Here’s Yet Another Sign The Decline Of Urban America Continues Apace

Employees of public transit agencies are facing far more frequent assaults than they were 15 years ago, fueled in part by a post-pandemic surge in violence that has affected cities across the country, according to a November 2023 report by the Urban Institute.

Public transit agencies reported 492 “major” assault events to the Federal Transit Administration (FTA) in 2022, compared to just 168 in 2008, according to the Urban Institute. The increase in assaults comes as homicide rates in large cities have yet to return to pre-pandemic levels and many Americans, as well as businesses, have chosen to leave urban areas.

The FTA defines a major assault as an incident that involves “one one or more fatalities or injuries requiring medical transport.”

The Urban Institute said that 492 is an undercount of the actual severity of the issue, explaining that actions like spitting, sexual misconduct, robbery, threats and hitting or kicking, among others, do not meet the reporting threshold for a “major” assault. (RELATED: NY Transit Leader Urges Officials To Ban Subway Attackers, Sex Offenders From Trains)

Assaults on transit workers were concentrated in a handful of Democrat-run cities.

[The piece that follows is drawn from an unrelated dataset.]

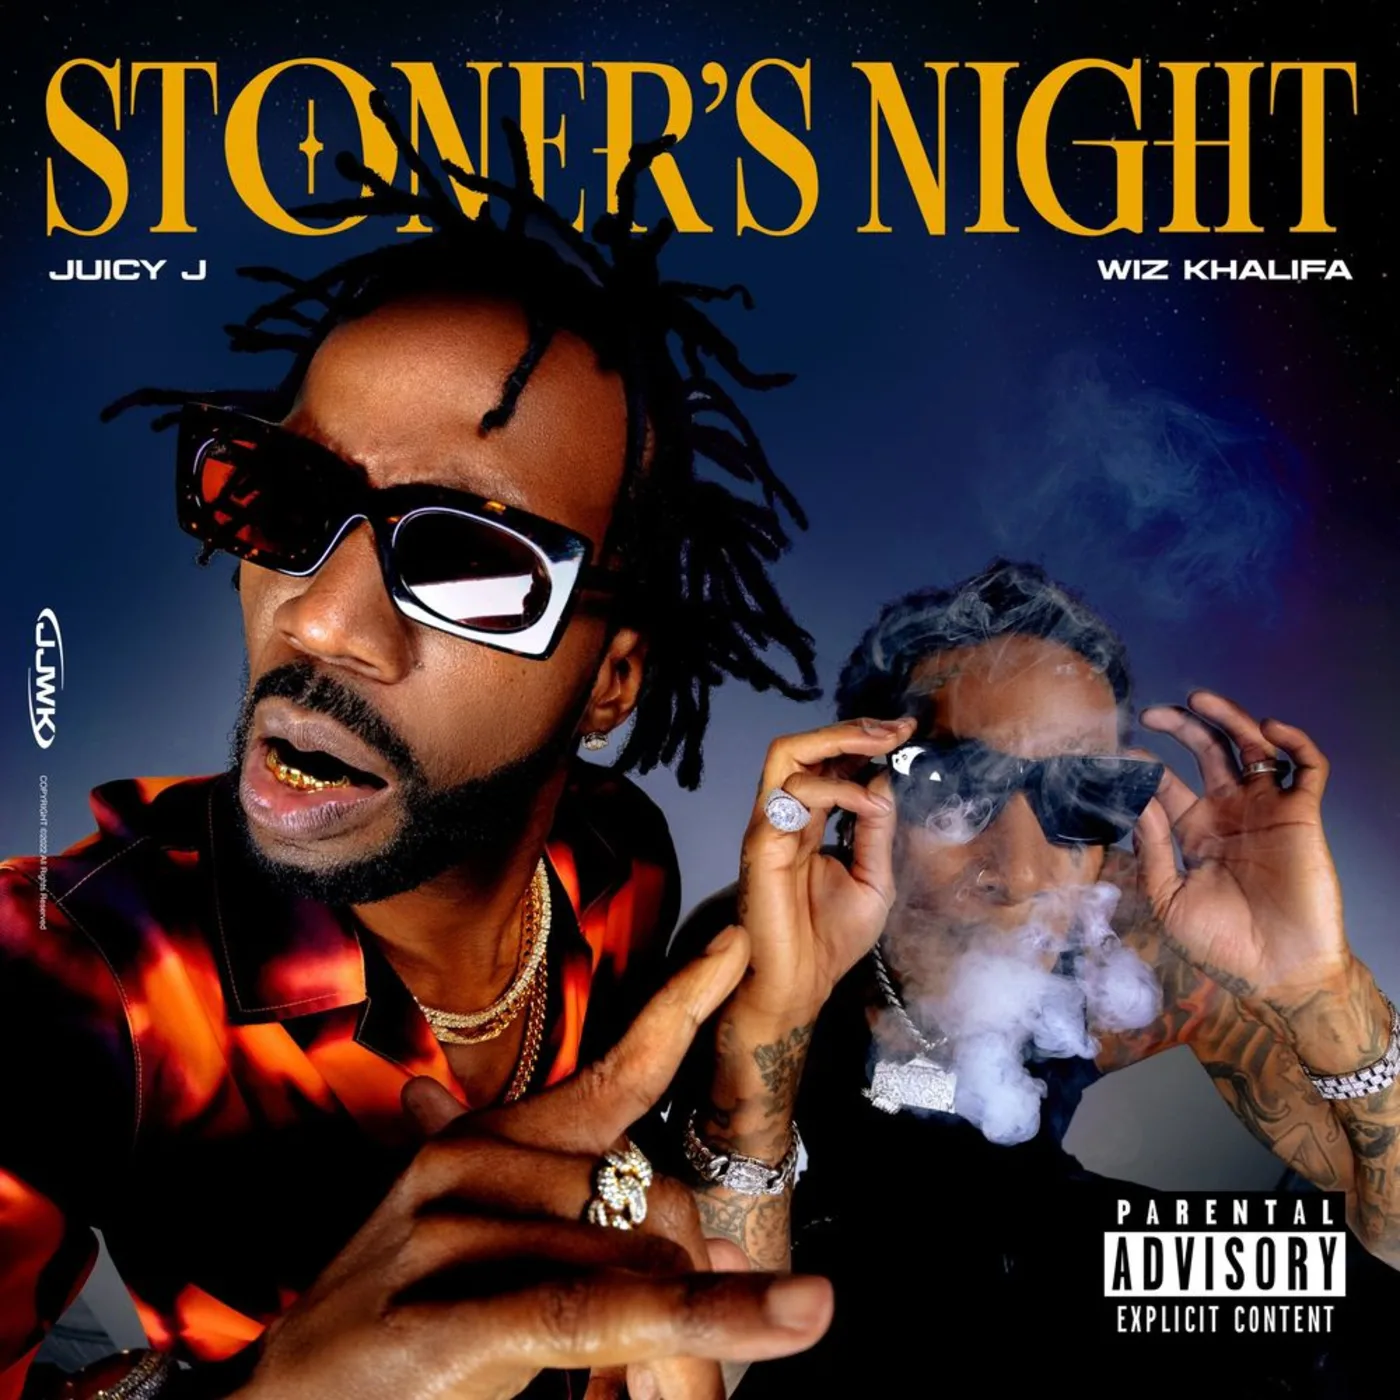 Juicy J And Wiz Khalifa Pop Out With Collaborative Album, ‘Stoner’s Night’, Yours Truly, News, August 11, 2022

In 2022, New York City’s transit agency reported 237 major assaults, the Chicago Transit Authority disclosed 73 such events and the Washington Metropolitan Area Transit Authority, serving the nation’s capital and the surrounding area, had 22 major assaults on workers.

A significant number of high-income taxpayers and businesses have chosen to leave large cities since the pandemic, according to CNN.

The rise in assaults on transportation workers was bolstered by a surge in pandemic-era violence.

Major assaults reported by public transit agencies declined from 470 in 2019 to 297 in 2020, according to the Urban Institute. The number of major assaults rose to 348 in 2021 and rose again to 492 in 2022, according to the Urban Institute.

The spike in assaults against public transit workers coincides with a broader increase in violent crime following the pandemic.

NEW YORK, NEW YORK - APRIL 12: Members of the NYPD investigate an incident on an uptown 4 subway after an emergency brake was pulled near Union Square on April 12, 2022 in New York City. The NYPD and other security agencies are on heightened alert after multiple people were injured when a gunman opened fire and released smoke devices at the 36th Street and Fourth Avenue station in the Sunset Park neighborhood earlier in the day. (Photo by Alexi J. Rosenfeld/Getty Images)

(Photo by Alexi J. Rosenfeld/Getty Images)

America’s homicide rate jumped 30% during the COVID-19 pandemic, according to Voice of America.

The increase in violent crime was particularly pronounced in a handful of Democrat-run cities, similar to the spike in transit employee assaults.

Washington, D.C., reached 200 homicides before October for the first time since 1997 in 2023. Portland’s homicide rate, meanwhile, increased 207% between 2019 and 2021, according to a report produced by the California Partnership for Safe Communities.

Moreover, annual homicides in Chicago jumped from 508 to 796 between 2019 and 2020 and have not returned to pre-pandemic levels since, according to the Illinois Policy Institute.

An FTA spokesperson directed the Daily Caller News Foundation to a press release detailing what it is doing to improve safety for transit workers.

The FTA recommends that public transit agencies be required to conduct a “safety risk assessment,” identify strategies to reduce risk to workers and provide the FTA with information on what it’s doing to reduce violence, according to the press release.